===== Available data

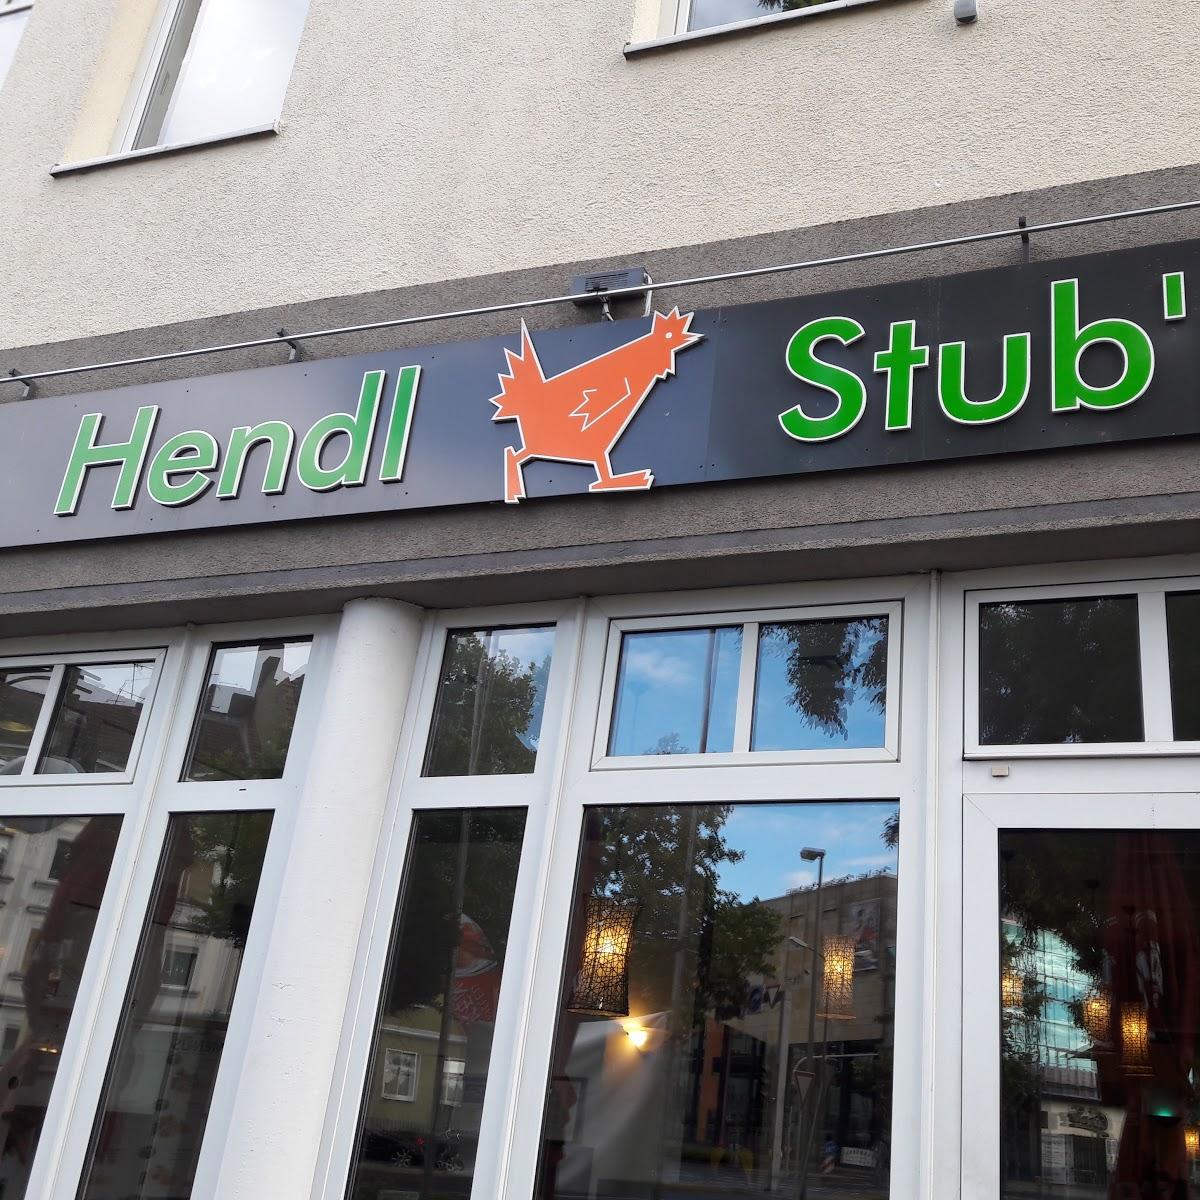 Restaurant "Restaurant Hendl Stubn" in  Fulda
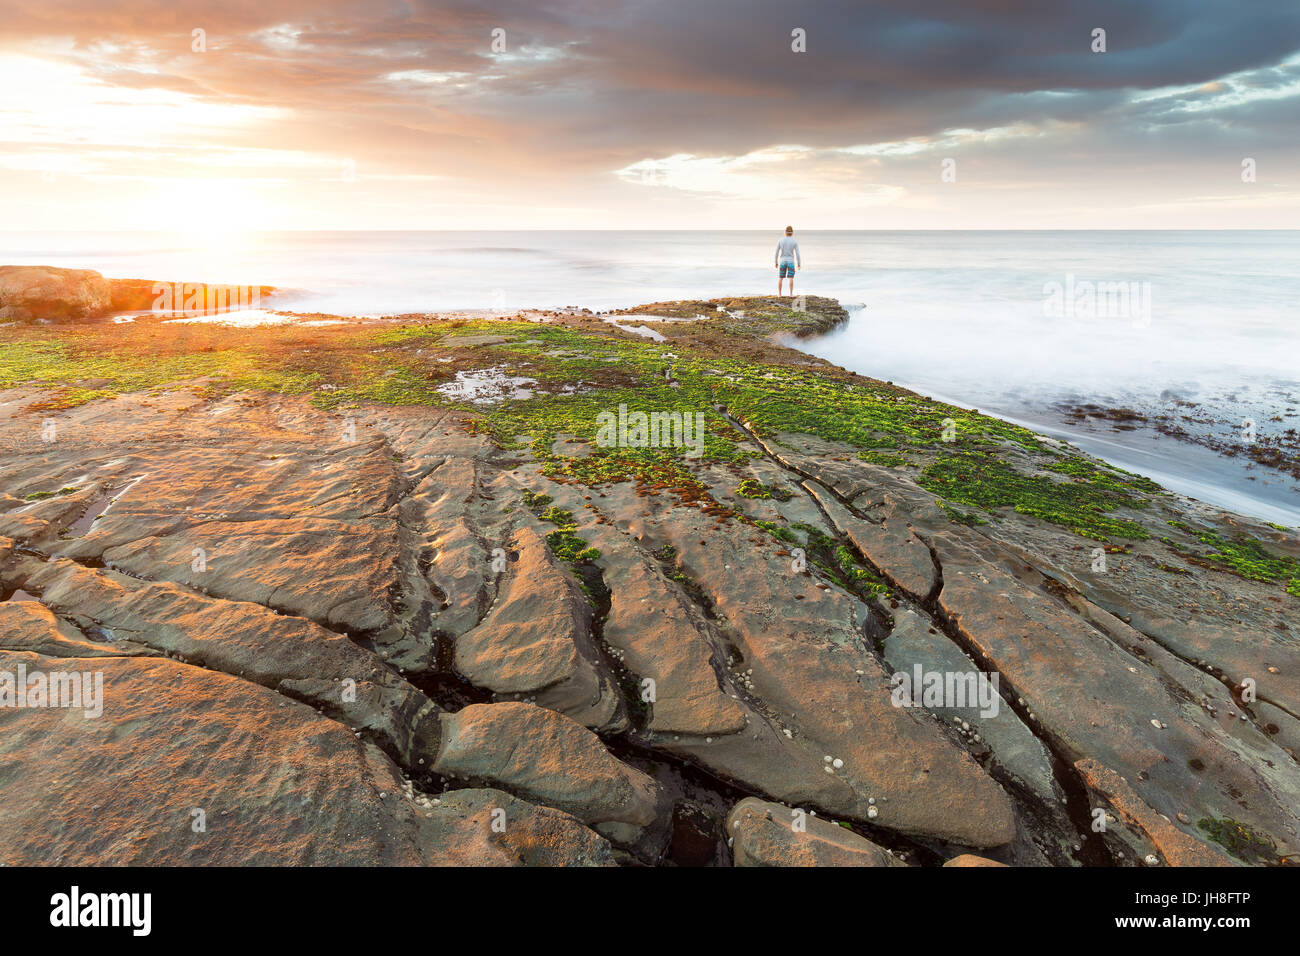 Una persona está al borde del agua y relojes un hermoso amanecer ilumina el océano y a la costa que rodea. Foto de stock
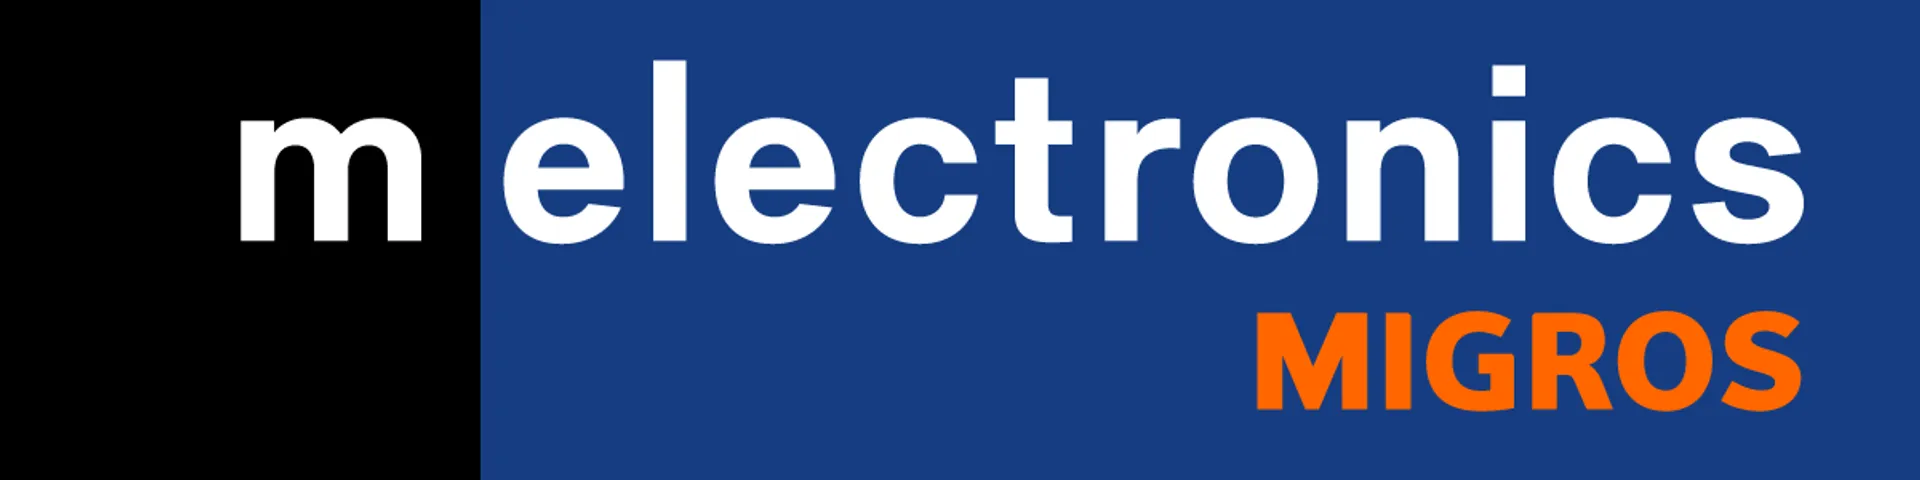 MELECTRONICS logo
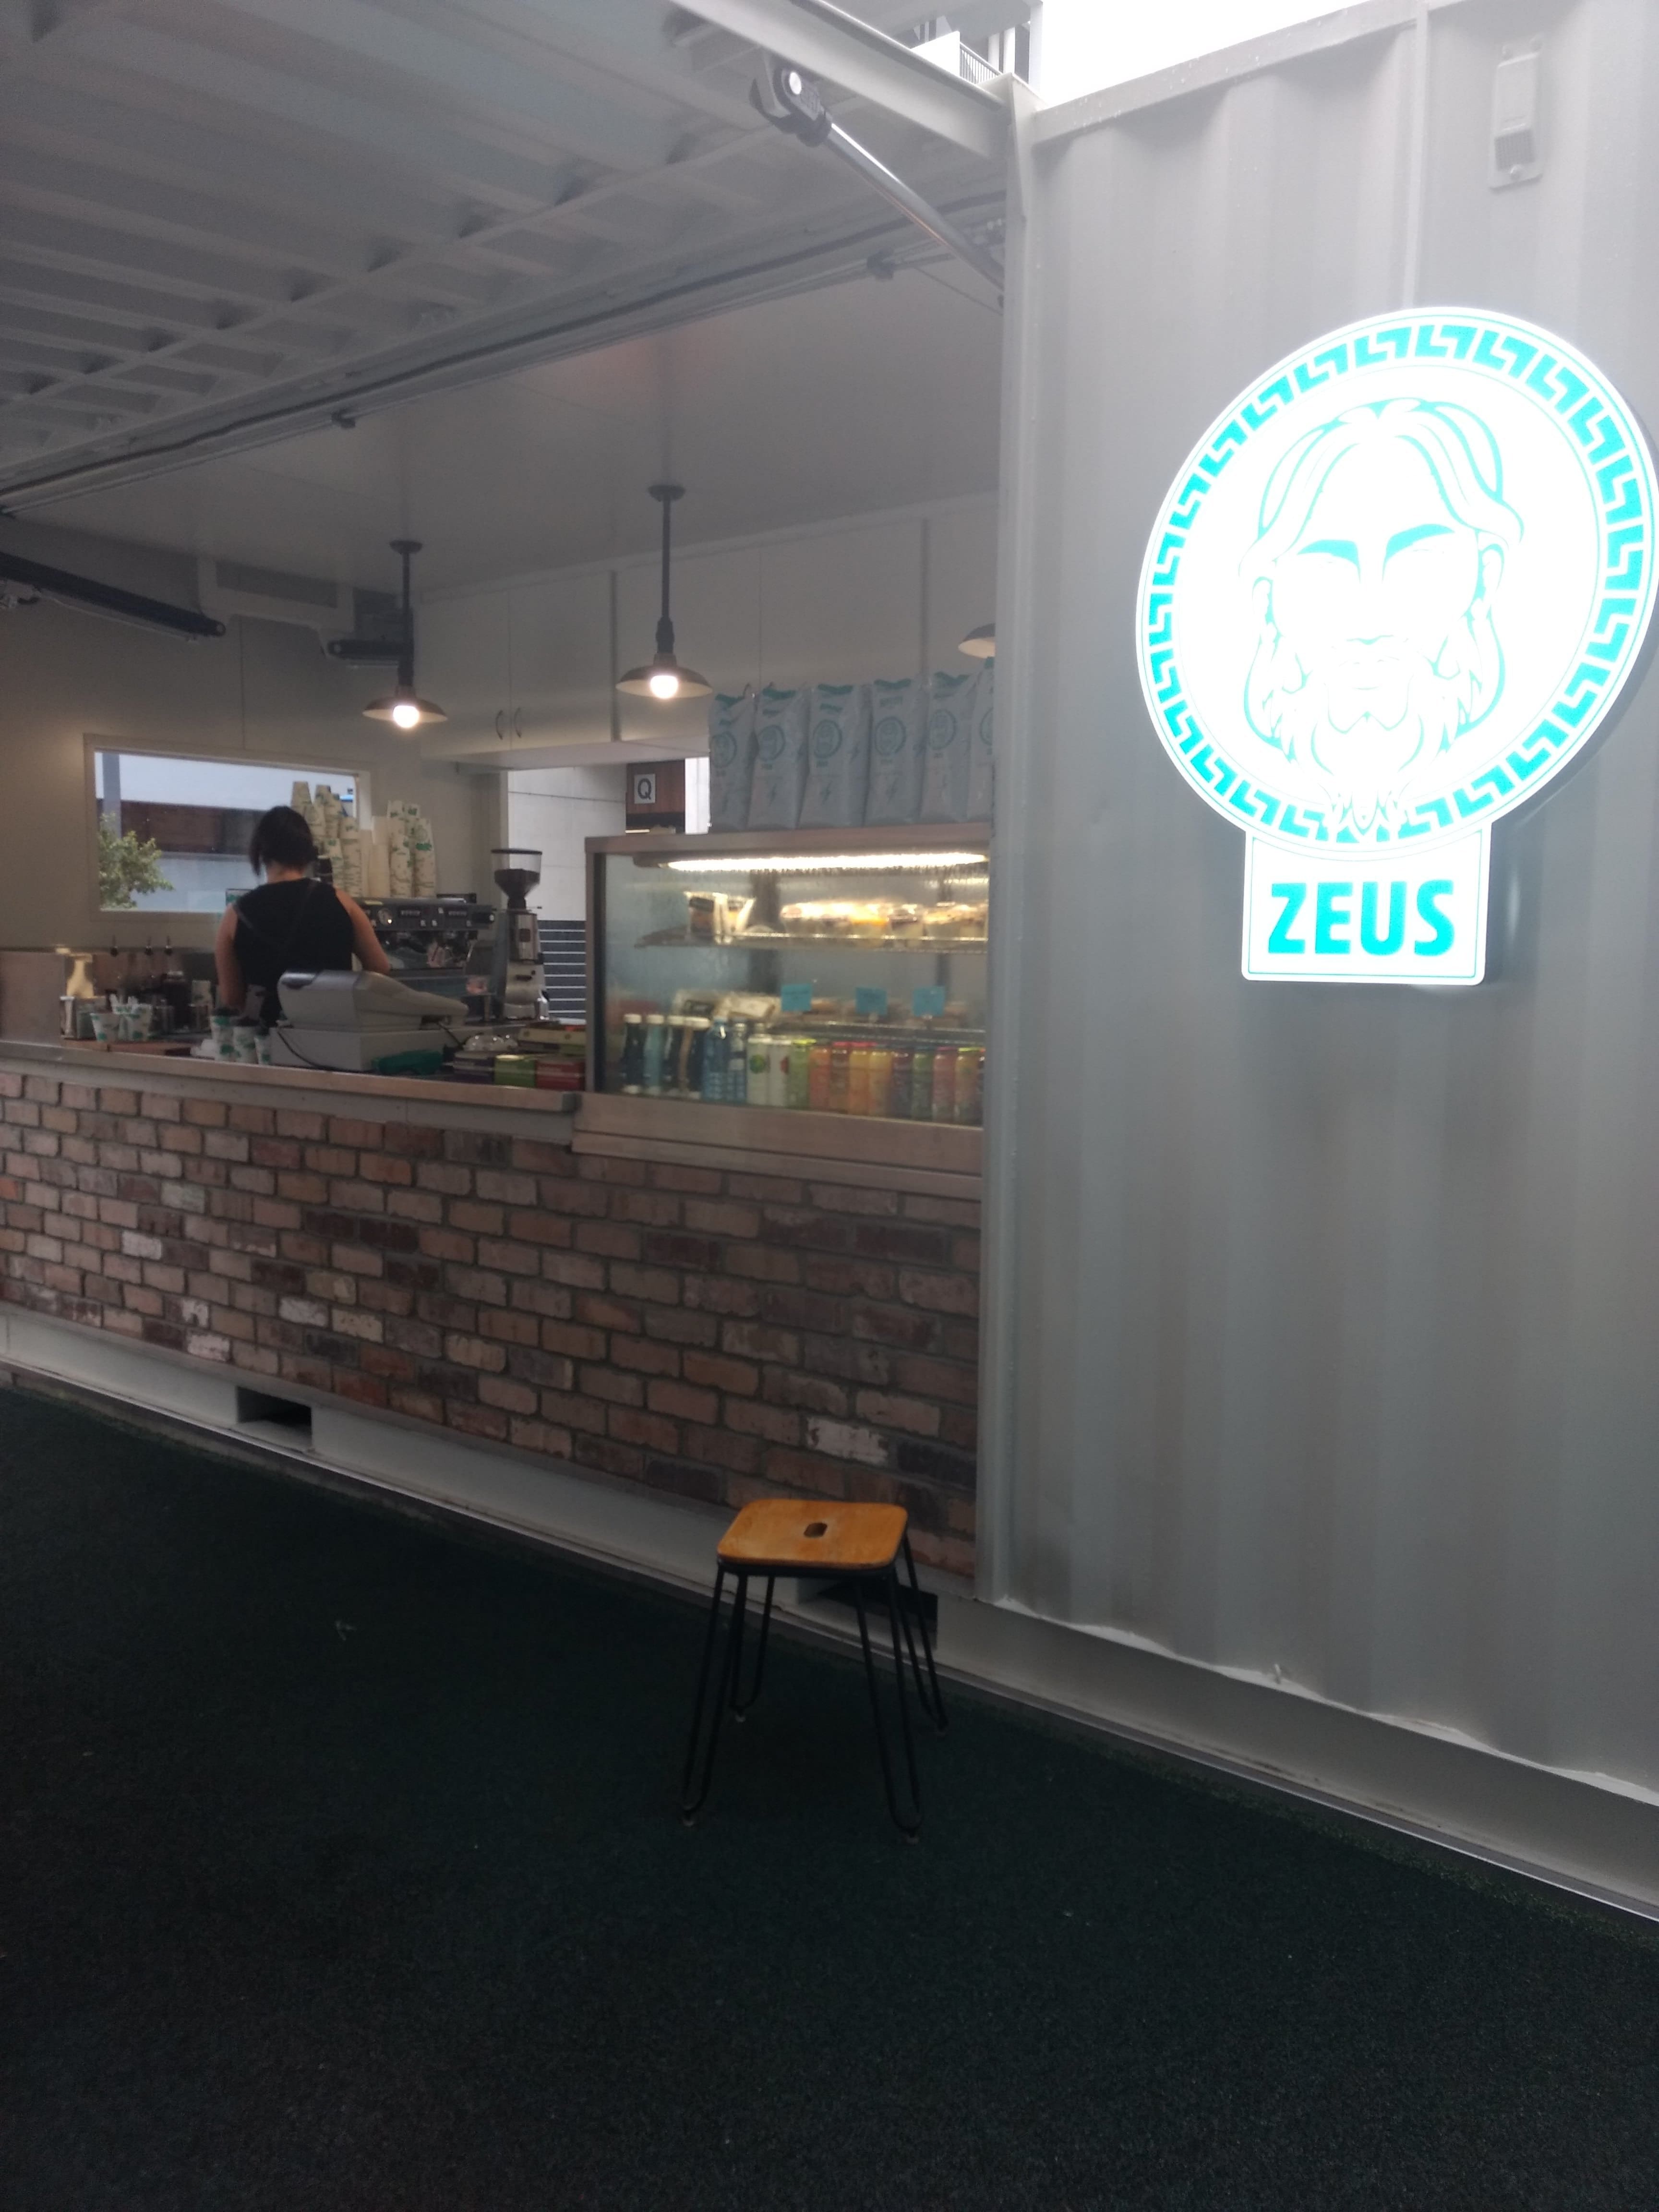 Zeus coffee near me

==========

▶ _Problem description_:
Would it be possible to give the material above again exactly, with the pictures left out?

▶ _Task answer_:
 Restaurant "Restaurant Hendl Stubn" in  Fulda
 Una persona está al borde del agua y relojes un hermoso amanecer ilumina el océano y a la costa que rodea. Foto de stock
 MELECTRONICS logo
 Zeus coffee near me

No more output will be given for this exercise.